For a long time he carried that letter wherever he went, as you might wear a badge of honour. He had never had such praise from the Magician before, for even Mephisto had been met with a bland approval betraying a lack of real interest. In truth he hadn’t realised how much he needed his father’s praise, which in his reply he described as “a beautiful, comforting, and fortifying gift…”

But the cure itself – terrible, as he had written. Nights of agitation, brief sleep, disturbed by horrible and frightening dreams. When he woke sobbing, a nurse came and sat by him and spoke of her broken marriage. There’s misery everywhere, he thought. Later he spent two whole days asleep (with the help of pills), but when he woke, found himself not rested, but exhausted, hardly able to walk. Cries of anguish came from the neighbouring rooms. Did it help that others were suffering as he was?

At last letters arrived, from Erika, promising to be with him in person as she was in spirit, from Mielein, to whom he had confessed all in a letter written the day before he began the cure. Hers was full of sympathy, understanding and love. It made him weep. But tears came very easily in the room with barred windows. There were more when Tomski was at last permitted to visit and brought him roses and kisses. Left alone, night drawing on, he had moments of rebellion. “Je m’en fous,” he wrote in his journal. “My head is strangely empty of everything.”

He was ready to leave, but the doctors said no. A few days yet. You must be stronger, the poison completely eliminated. Tomski sat by the bed and held his hand or smoothed his brow. Gave him lemonade to drink. The boy himself veered between joy and despair. Like René, he thought, like René and Rikki.
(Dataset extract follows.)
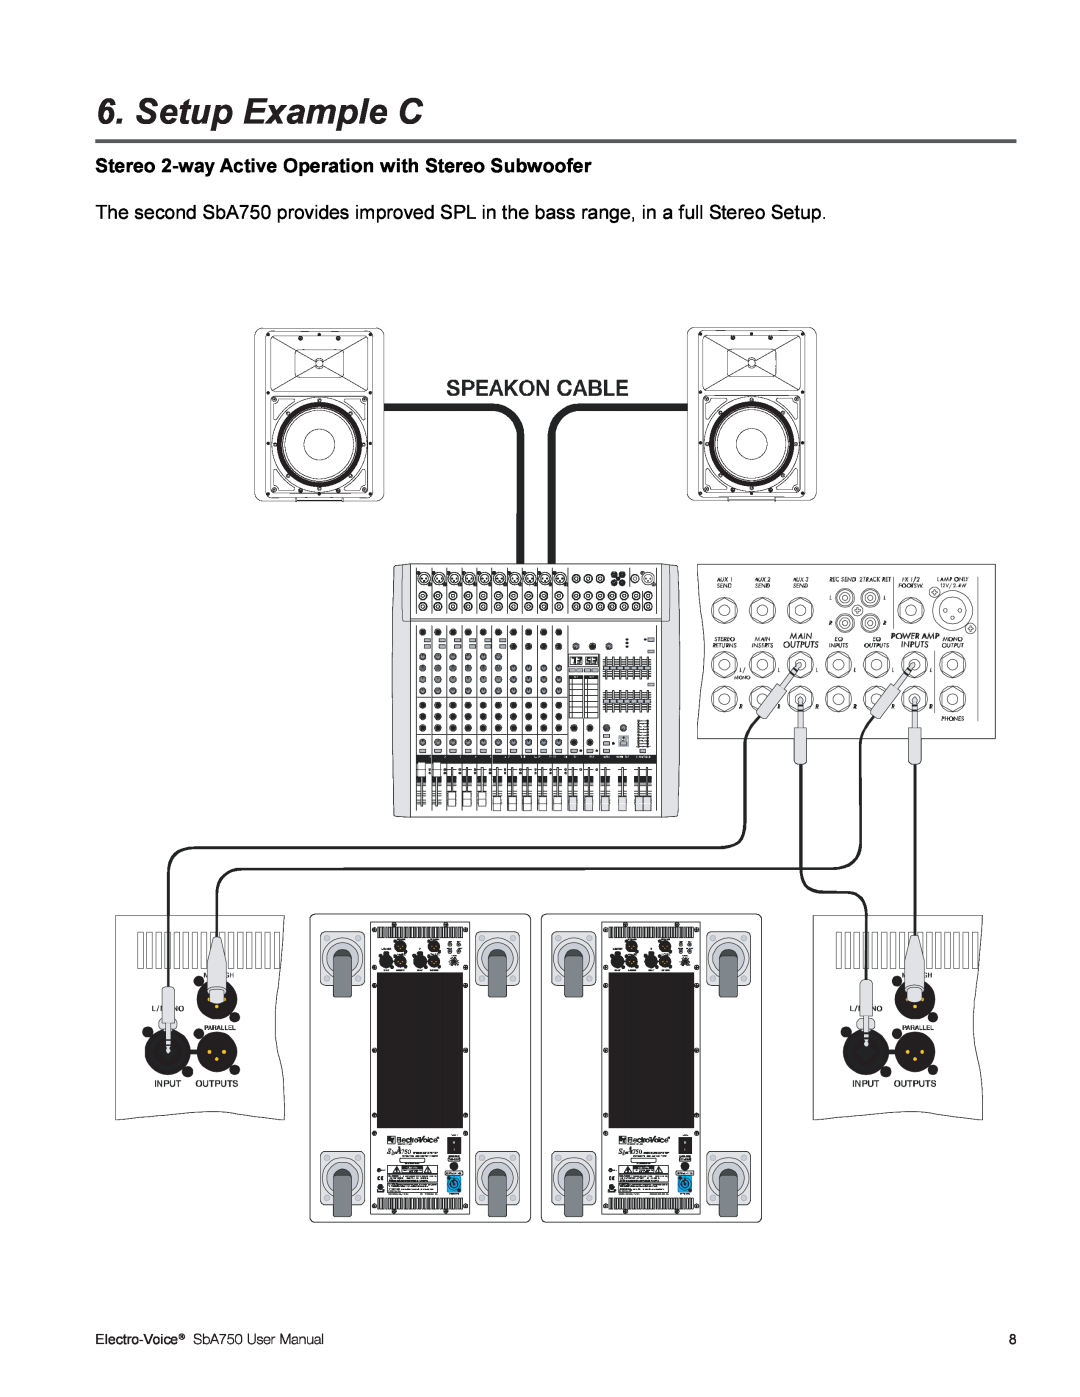 Electro-Voice SBA750 user manual Setup Example C, Electro-Voice

When at last he was released after a month in the sanatorium, Klopstock and another doctor came to the station to see him off. “Don’t come back, Klaus,” they said. “You’ve given yourself another chance. Don’t come back.” In the train Tomski smiled and said, “Now we are truly together.” They spent that night in the Hotel Imperial in Vienna, in each other’s arms. Klaus wept, but they were tears of happiness.

He sat by the window, with his glass of whisky and the bottle of Johnnie Walker on the table by his side. No, he wouldn’t drug tonight. It was strangely peaceful watching the rain still falling. There had been good times with Tomski often, and over a number of years, but never as good as those first weeks together, when he asked himself time and again, can I love him enough? Of course he couldn’t. That was, as the English said, “the fact of the matter”. He couldn’t love anyone enough. His own need was too great.
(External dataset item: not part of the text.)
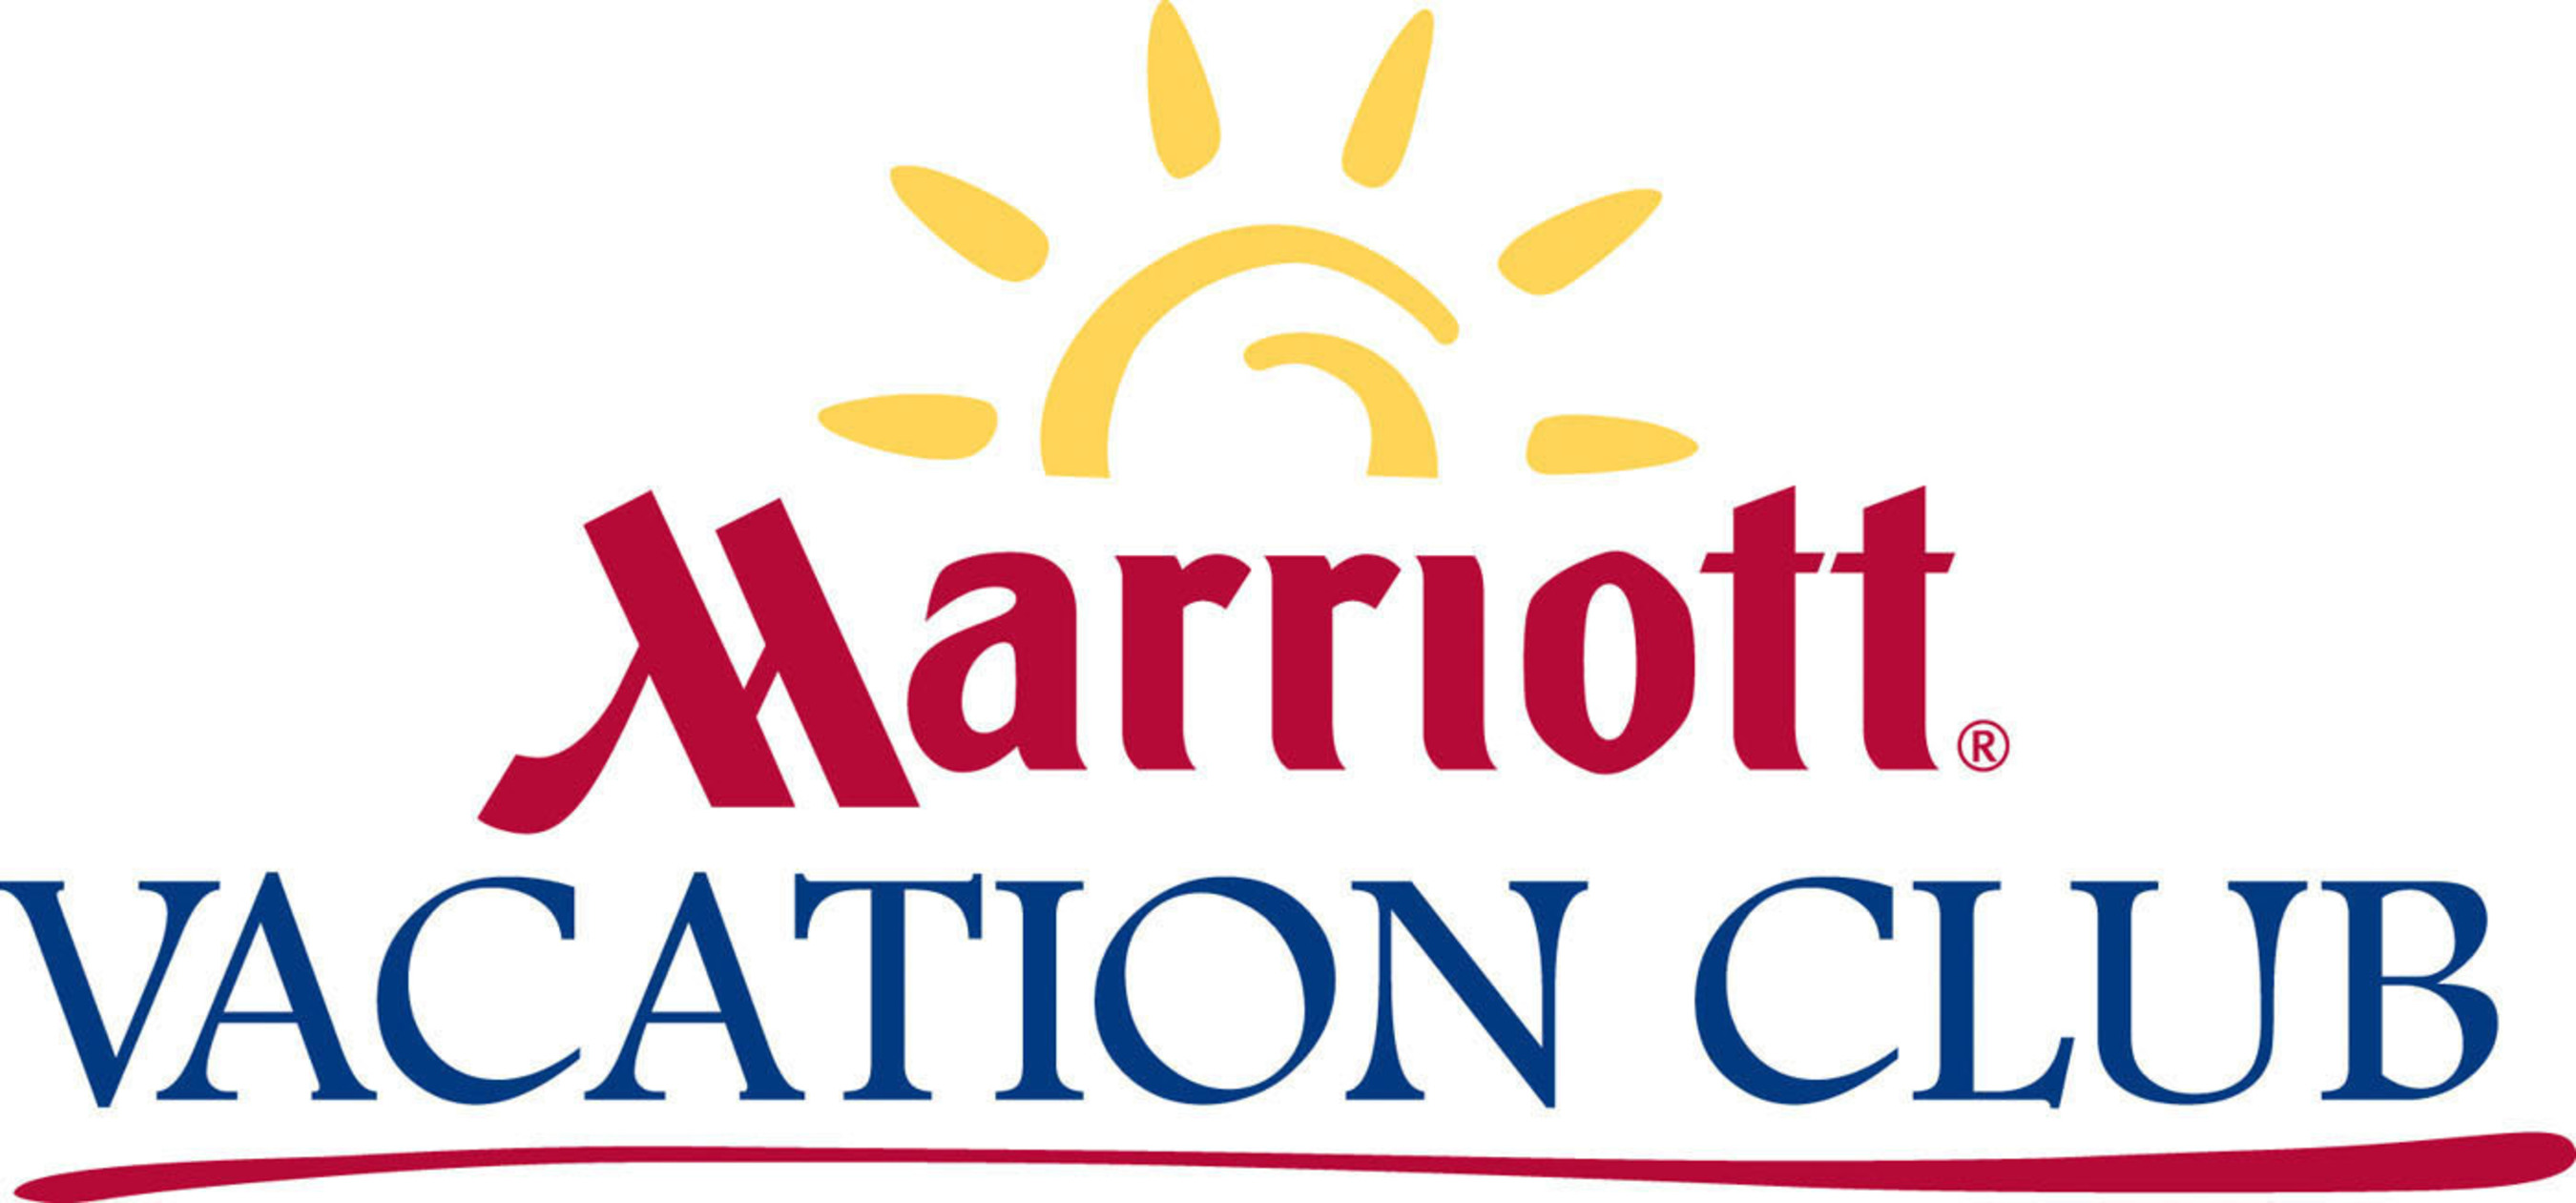 marriott vacations club

Guy Probyn had set out to rile him, no question of that. Why? Not just to defend Gustaf, but also because there was something in Klaus himself which invited attack. Or was Probyn, with his attraction to soft boys whom he could dominate, merely malicious, full of the resentment of the man who would have been an artist and was now a manager? Klaus took hold of the bottle and smiled. Was it possible that Probyn was jealous of him? Ridiculous thought. He poured another whisky, but didn’t immediately drink it. Sufficient comfort to know it was there waiting, ready when his need became urgent.

There was a knock at the door. He didn’t answer at once. He hesitated because for a moment he had been close to happiness in his solitude and didn’t want it to be interrupted. But the knock was repeated and this time he called, “Come in.” It was Miki.
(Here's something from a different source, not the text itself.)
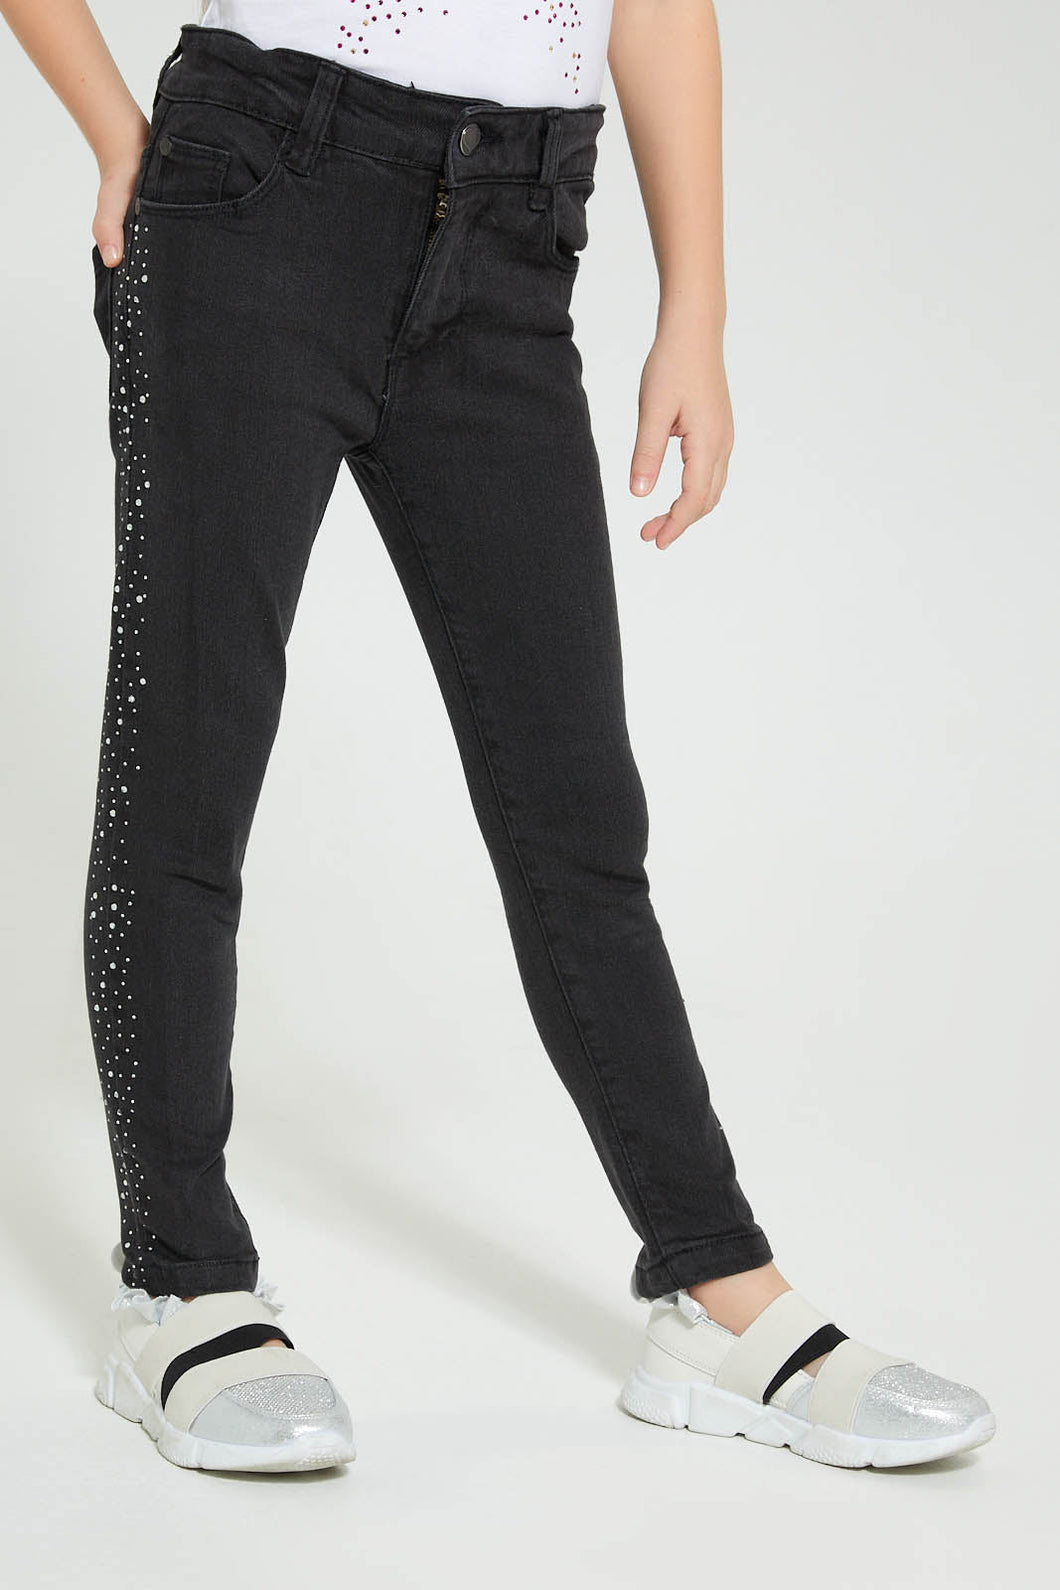 Black Jean With Studs جينز مزين بستراس باللون الأسود

“I got held up on the boat,” he said. “The boss had insisted we put to sea.”

He came up behind Klaus, laid his hands on his shoulders and leant over him. He smelled of the rain and there was again aniseed on his breath.

“You OK, Klaus? They told me you’d been at the Zanzi. So I came on the chance. Are you pleased?”

Klaus emptied his glass, got up, turned round, ran his hands up the boy’s body under his shirt.

“I’m pleased,” he said, and kissed him on the mouth. Rainwater dripped down his neck from Miki’s hair.

“It’s good to see you,” Klaus said. “I was sad when I gave you up.”